» Work request
Transcribe the data in full and exactly, omitting any pictures.

» Collected data
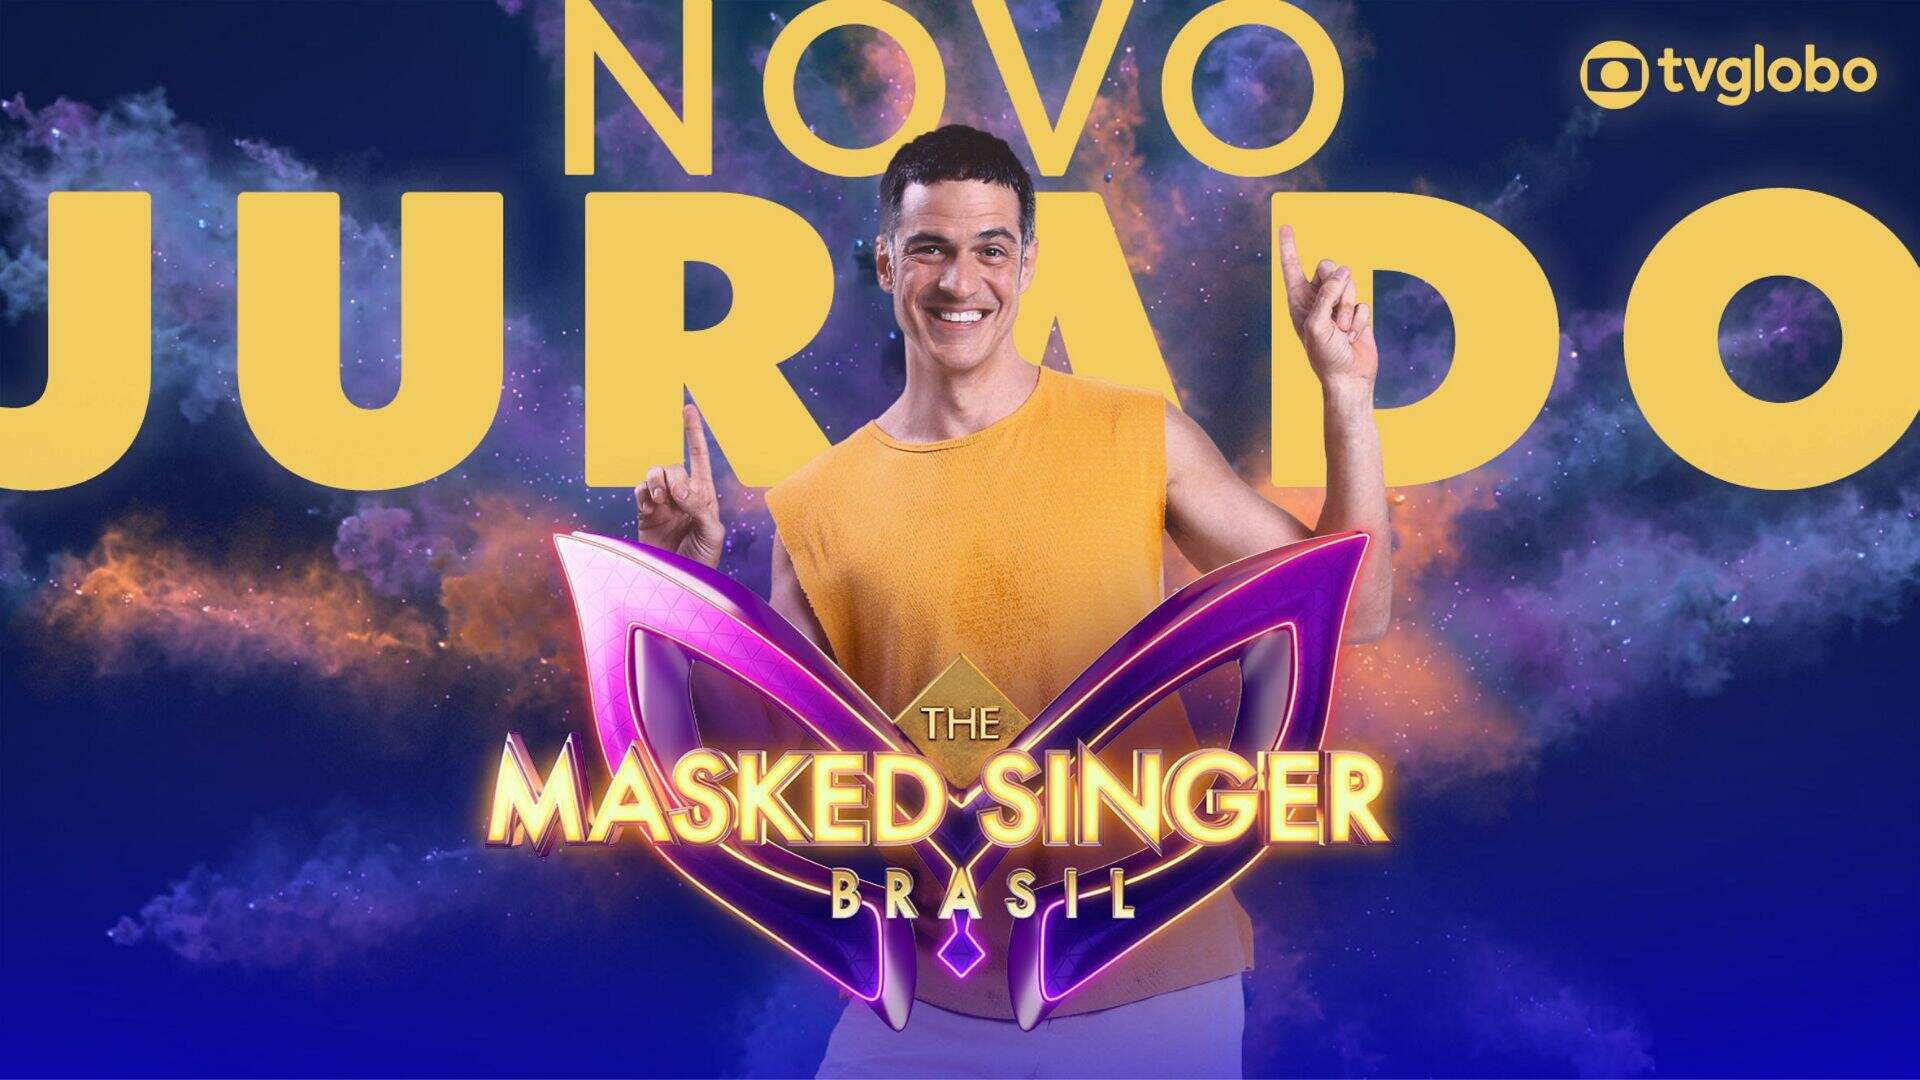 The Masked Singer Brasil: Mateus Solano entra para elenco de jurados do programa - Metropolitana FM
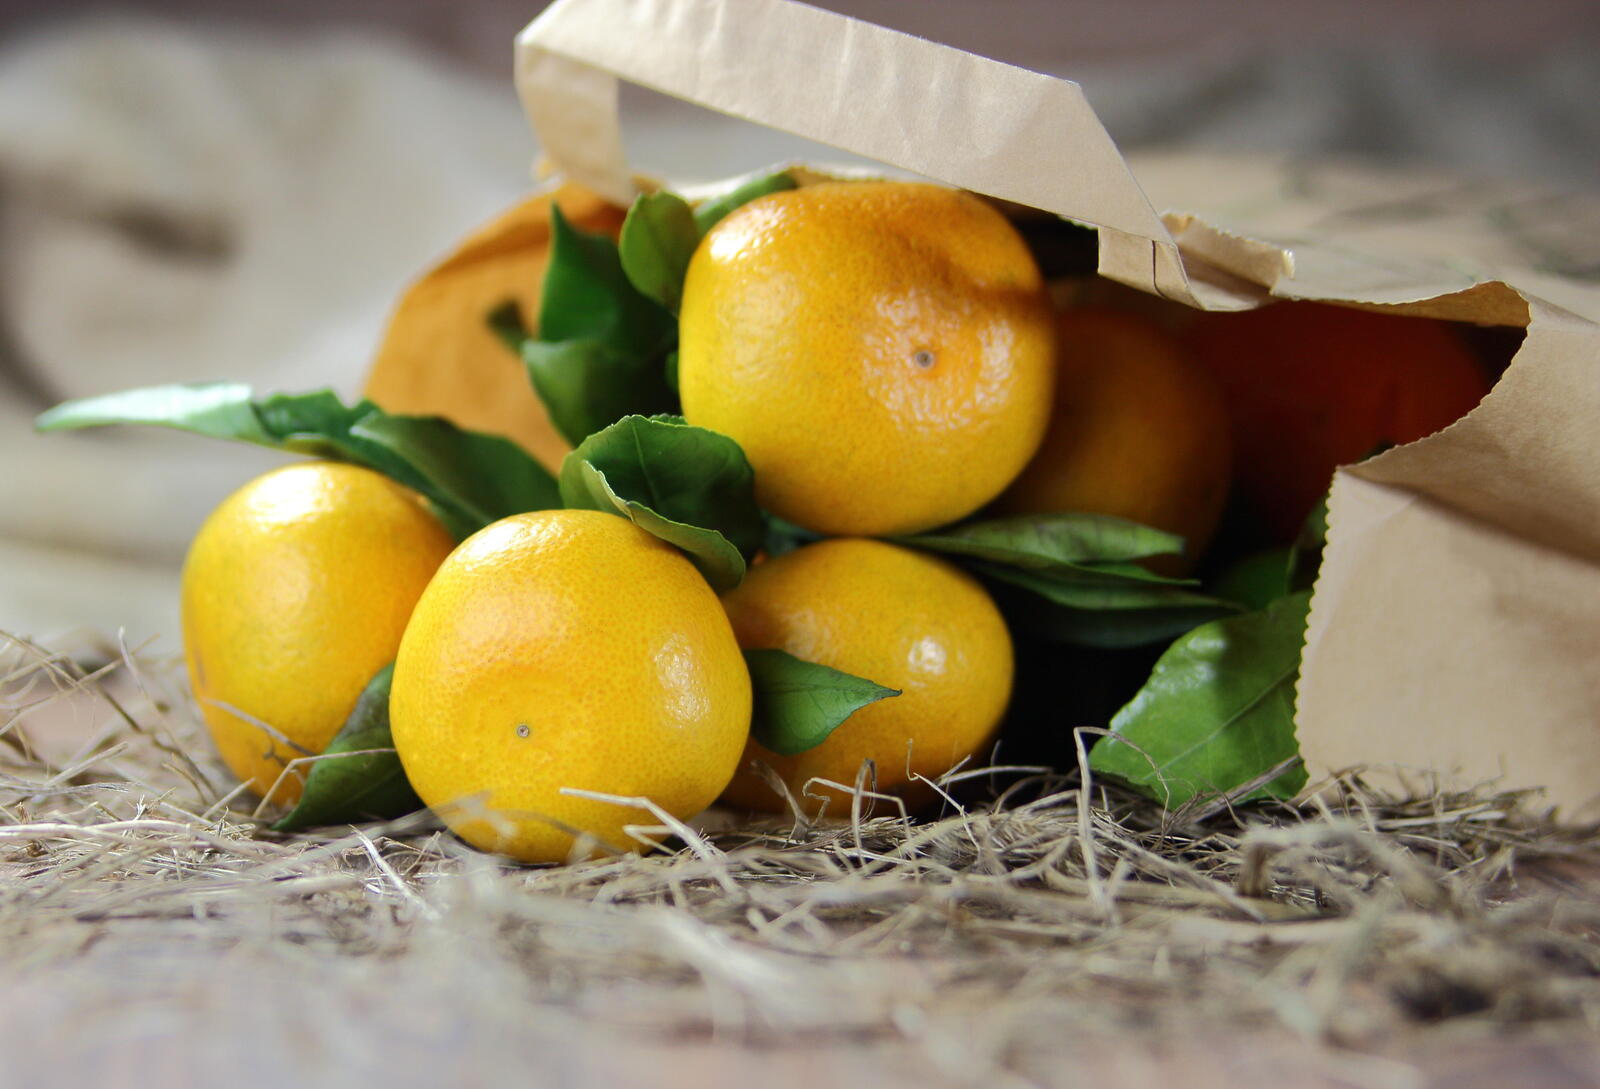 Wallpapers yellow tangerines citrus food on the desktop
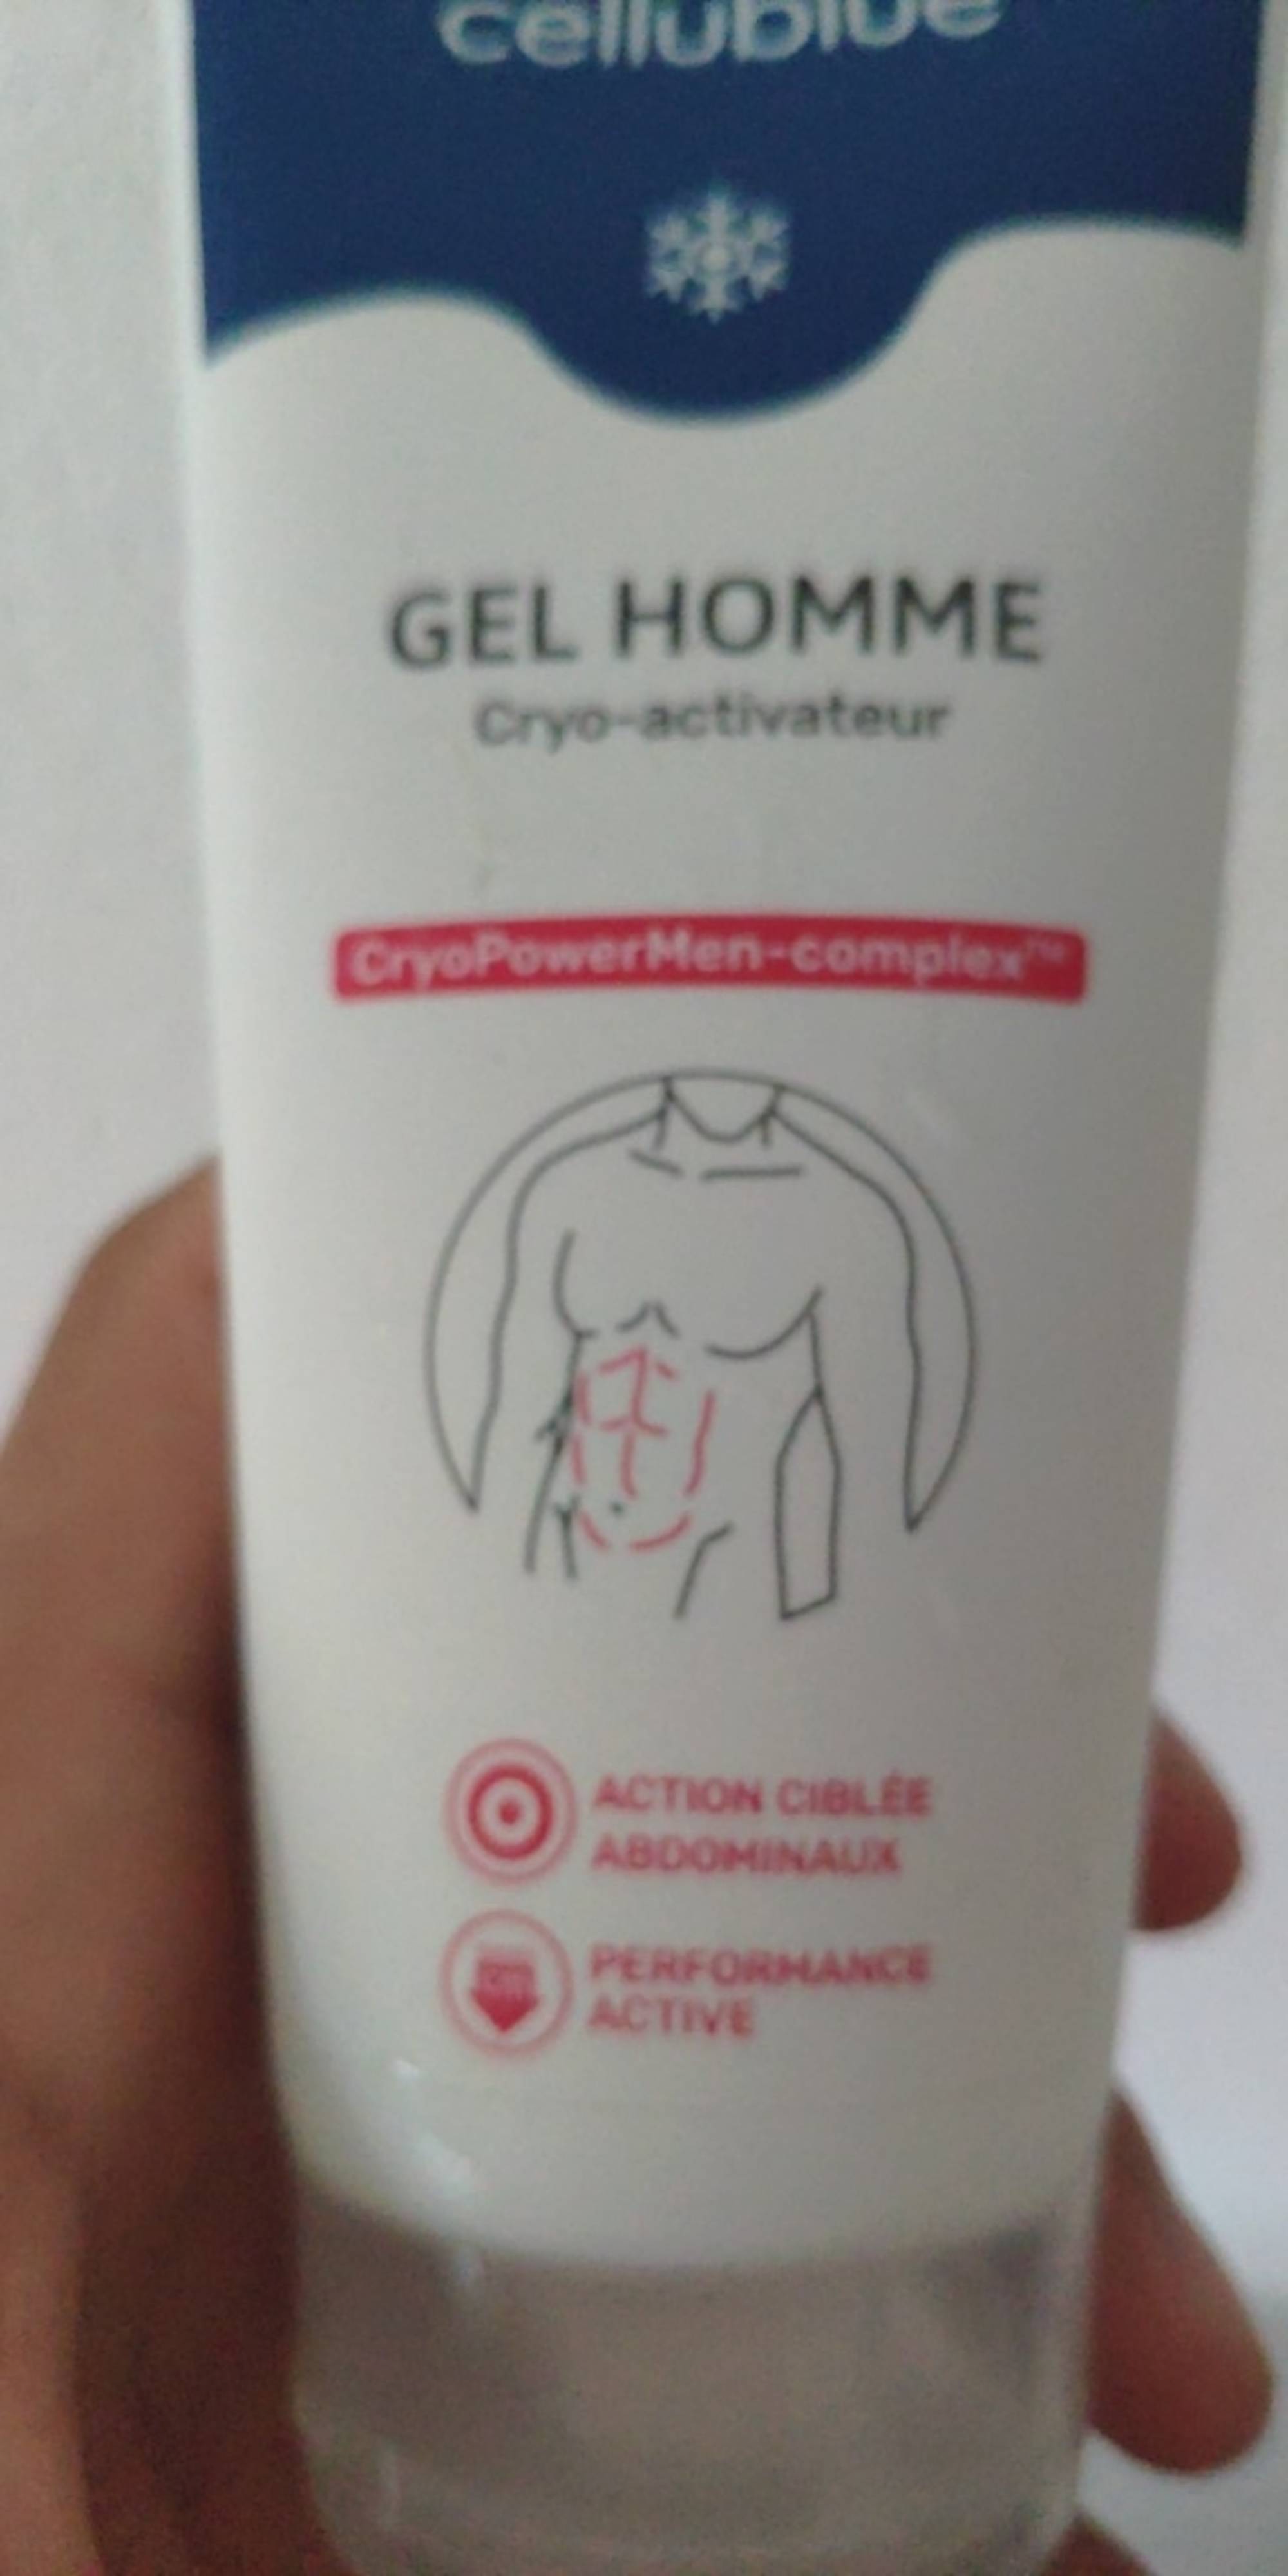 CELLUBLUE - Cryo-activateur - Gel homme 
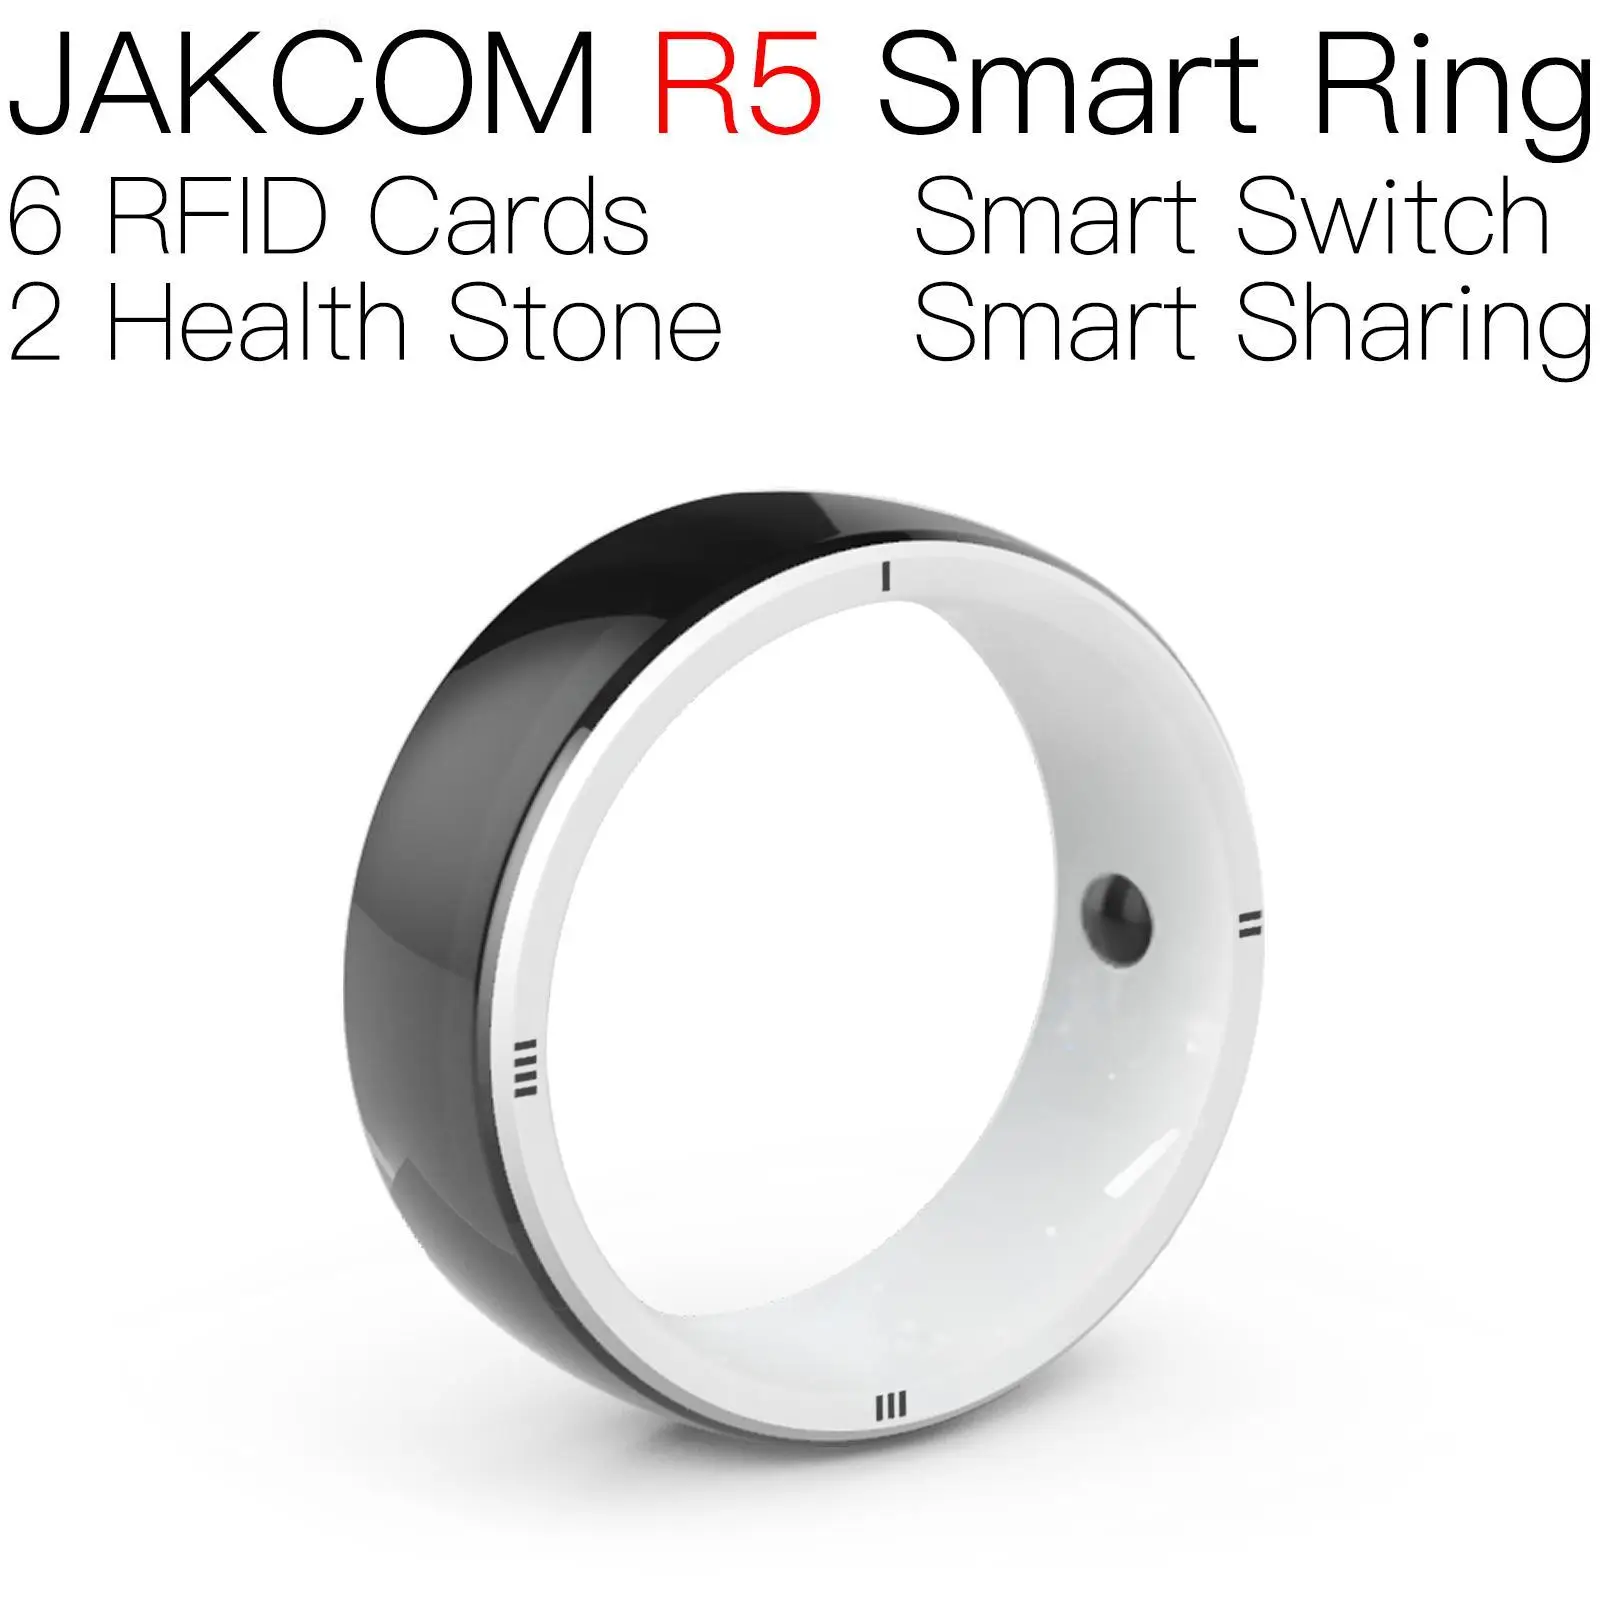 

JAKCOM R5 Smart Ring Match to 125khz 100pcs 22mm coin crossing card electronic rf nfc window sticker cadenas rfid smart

» Written solution
 The Masked Singer Brasil: Mateus Solano entra para elenco de jurados do programa - Metropolitana FM
 Wallpapers yellow tangerines citrus food on the desktop
 CELLUBLUE - Cryo-activateur - Gel homme 

JAKCOM R5 Smart Ring Match to 125khz 100pcs 22mm coin crossing card electronic rf nfc window sticker cadenas rfid smart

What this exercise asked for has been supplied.